# cqp33's Bug out Bag



## TechAdmin (Oct 1, 2008)

*Food*: Energy bars, fishing gear and of course I can hunt/forage

*Drink*: 3 liter camelbak, 1 quart canteen, water purification tablets (x100)










*First Aid*: liquid bandage, small & large compression bandages, butterfly strips, antifungal cream, peroxide, quikclot

*Tools*: hatchet, survival knife, fire starting (4 ways), 550 cord, small line (synthetic nylon 1/4\")

*Maps and Travel Information*: compass and topo map

*Clothing*: flight suit type coveralls, base layer 2 thermal bottoms, base layer 1 tops, multicam t-shirts, 4 pairs of extra socks(1 in a small pelican case with underwear too to ensure they stay dry)

*Communication*: none

*Lighting*: 70 lumen headlamp with 4 LED\'s and various power settings with blue light capability (takes 3 AAA, have 12 in my pack in a pelican case)
Shelter Eureka Zeus 2 tent










FIRST THING I WANT TO SAY ABOUT YOUR BUG OUT BAG! - load it and go on a 5 mile hike carrying it, I would bet a lot of you will re-evaluate how much you have in it! This is also the best way to learn to pack and wear your BOB, I have done this a couple of times and will continue to do it as well, I learn something new each time I carry my pack!
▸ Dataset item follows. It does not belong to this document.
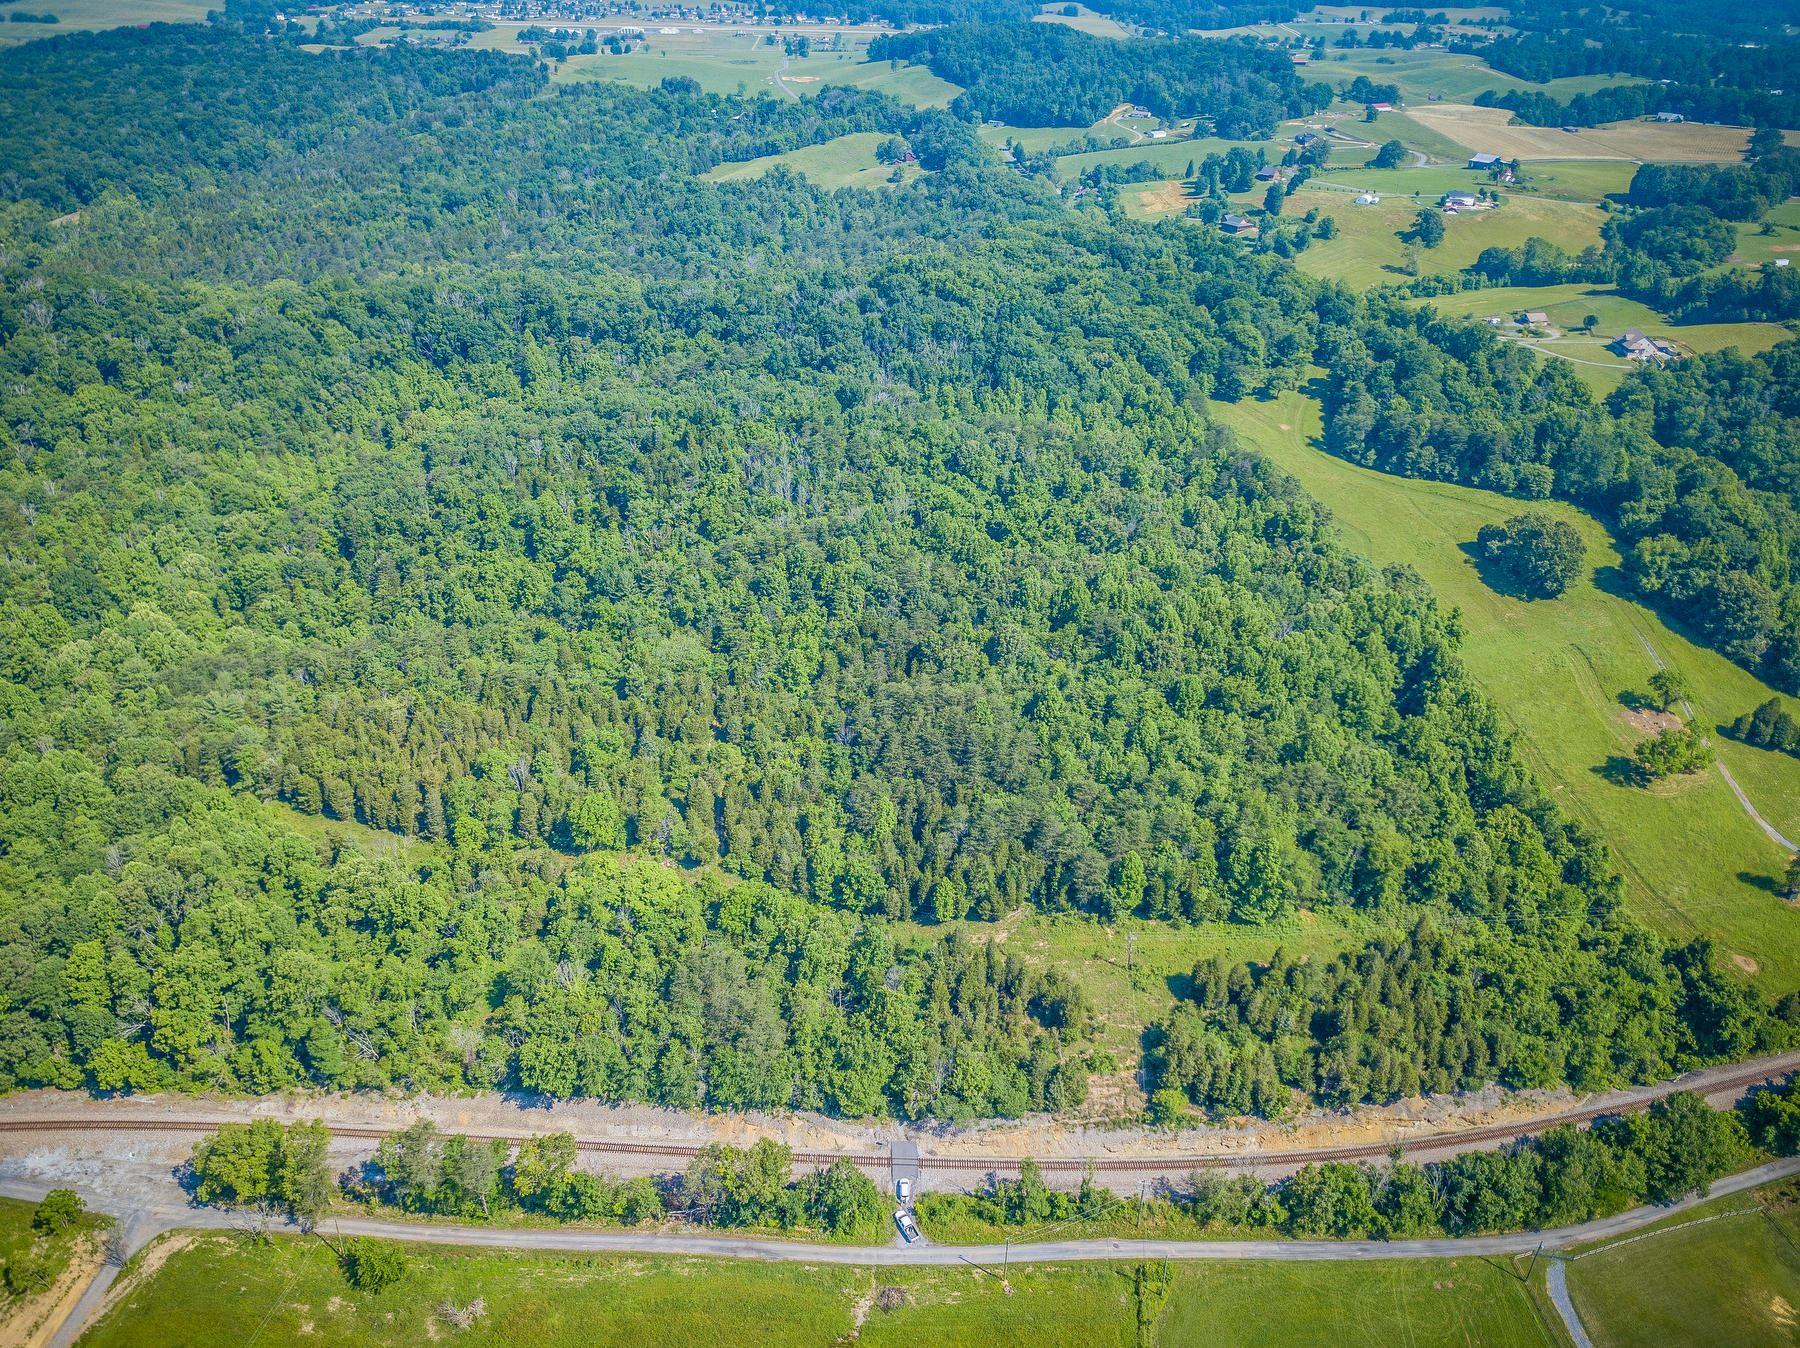 Photo of 0 Williams Lane, Rogersville, TN 37857 (MLS # 9910847)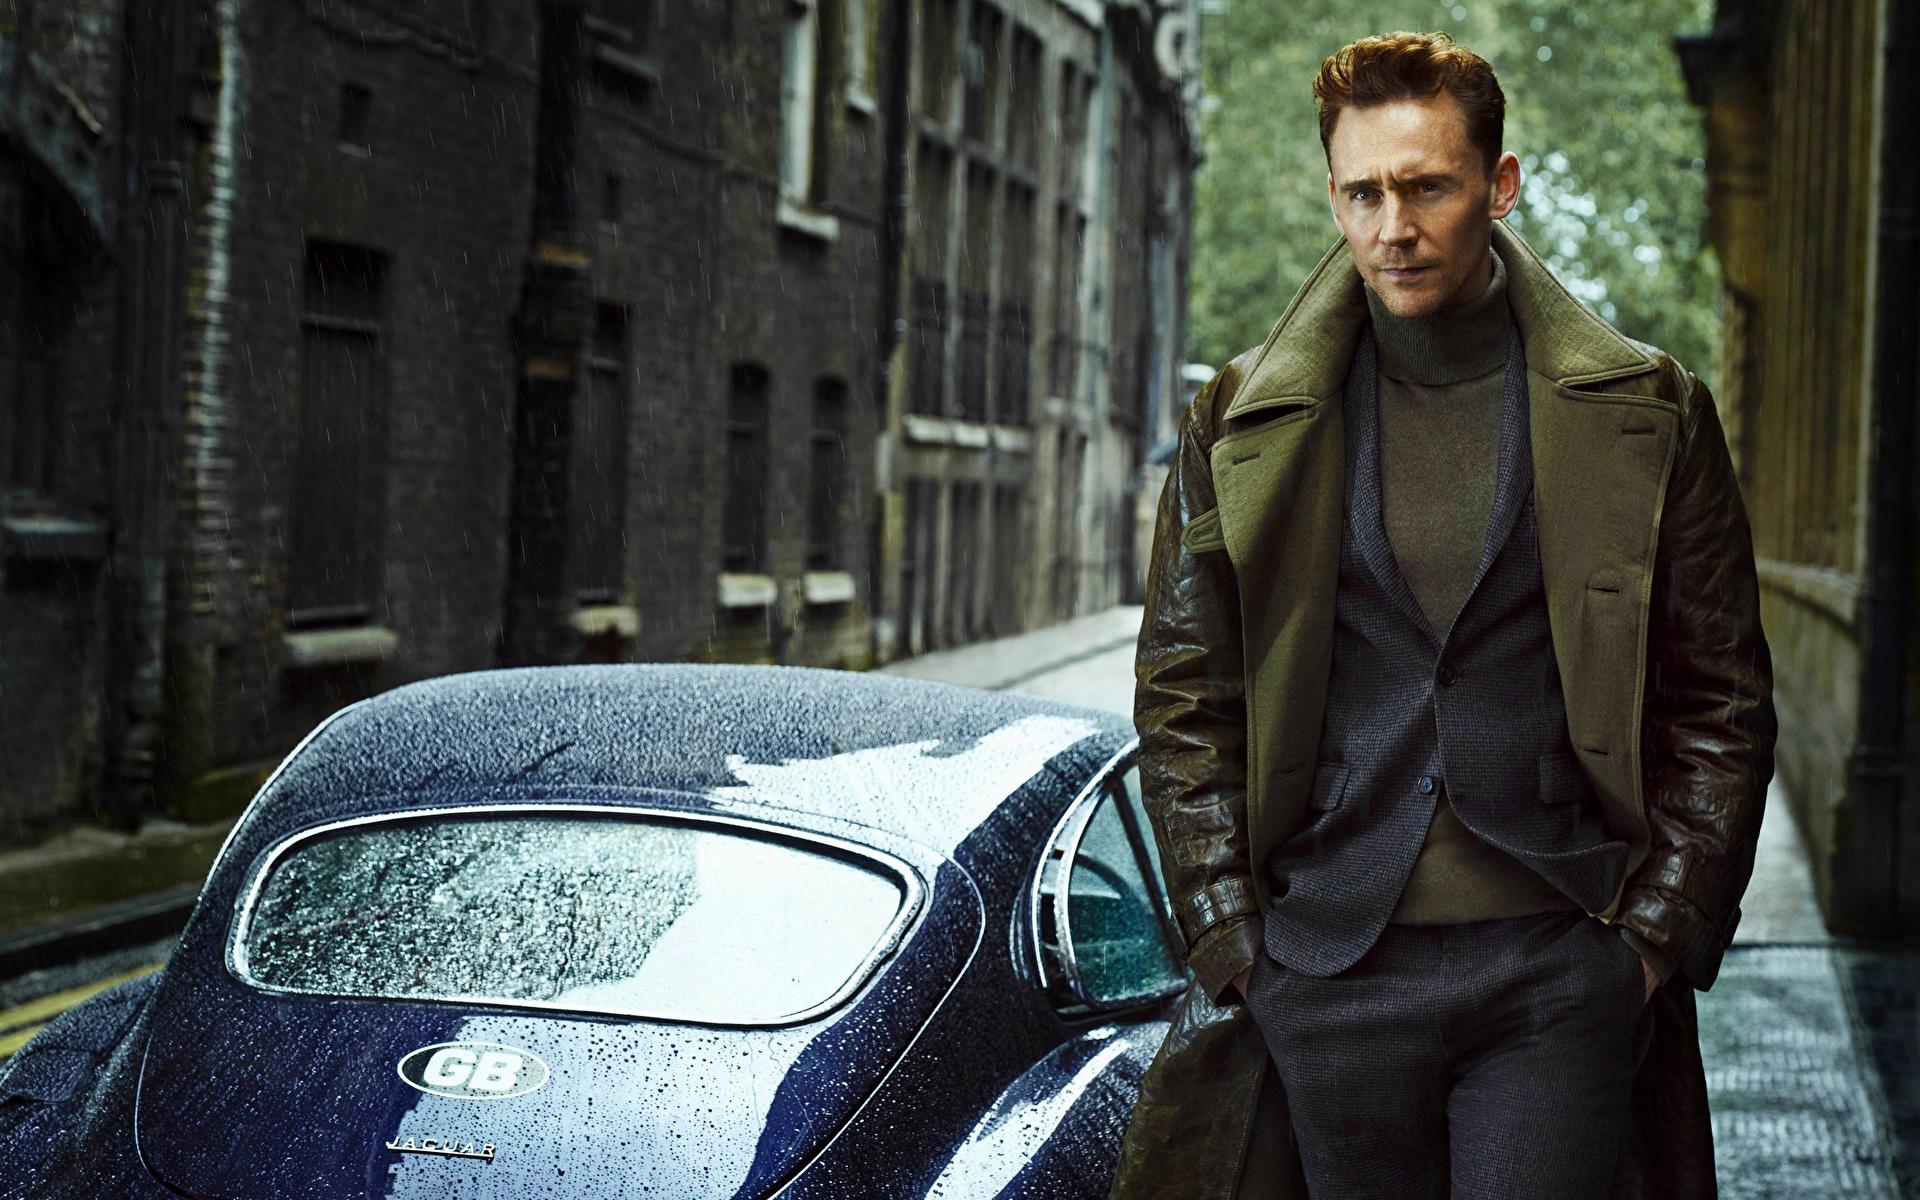 Фотография Tom Hiddleston мужчина Костюм Знаменитости 1920x1200 Том Хиддлстон Мужчины костюме костюма классический костюм

My bag is a 5.11 tactical, rush 72 in multicam. Bag is kind of heavy empty but it is built to last for sure! I liked the bag because it has a hard frame against my back and lots and lots of molle attachment points for added capabilities with pouches. I have several Pelican micro cases 1020, 1040 and 1060. I use these Micro Pelican cases to put stuff in that I want to keep dry (first aid gear, gadgets such as phone, ipod, camera, socks, underwear, food items that aren\'t water proof). I am at the point where any more pelican cases will make the bag hard to pack easily(too many rectangles, LOL)!

I also don\'t keep much food in the bag, that is something I keep at the ready, near by but try to keep it rotating too!

My tent is not in the bag yet either, it takes up the additional room in my bag and adds 4 pounds to my pack. I do have a \"Jungle bag\" sleeping bag but I will not be traveling through colder climates so that is not a concern, also helps me to keep the weight down. All of this weighs in at around 40 pounds when carrying a full 3 liter camelbak and a one quart canteen. I will be adding more to this pack and have carried it for over 5 miles on a hiking trip that ascended up to 3000 feet from 800 feet and back down, just to see how bad it was! On a marked trail I wouldn\'t want to carry it any further, that was in muddy conditions and at some times using rope assisting me up the muddy slopes! On flat terrain I could do 10 miles a day and sustain that.

Looking at adding a fishing kit to my pack, I seen a small little telescoping rod/reel combo for 25 bucks that has a hard shell plastic case with little compartments for tackle. That would add another way to get some food (fish). I also have some of the yo-yo\'s for the \"lazy man\" fishing that I am going to put into my pack, yup probably in another micro pelican case!










Input and opinions are highly and greatly encouraged.


----------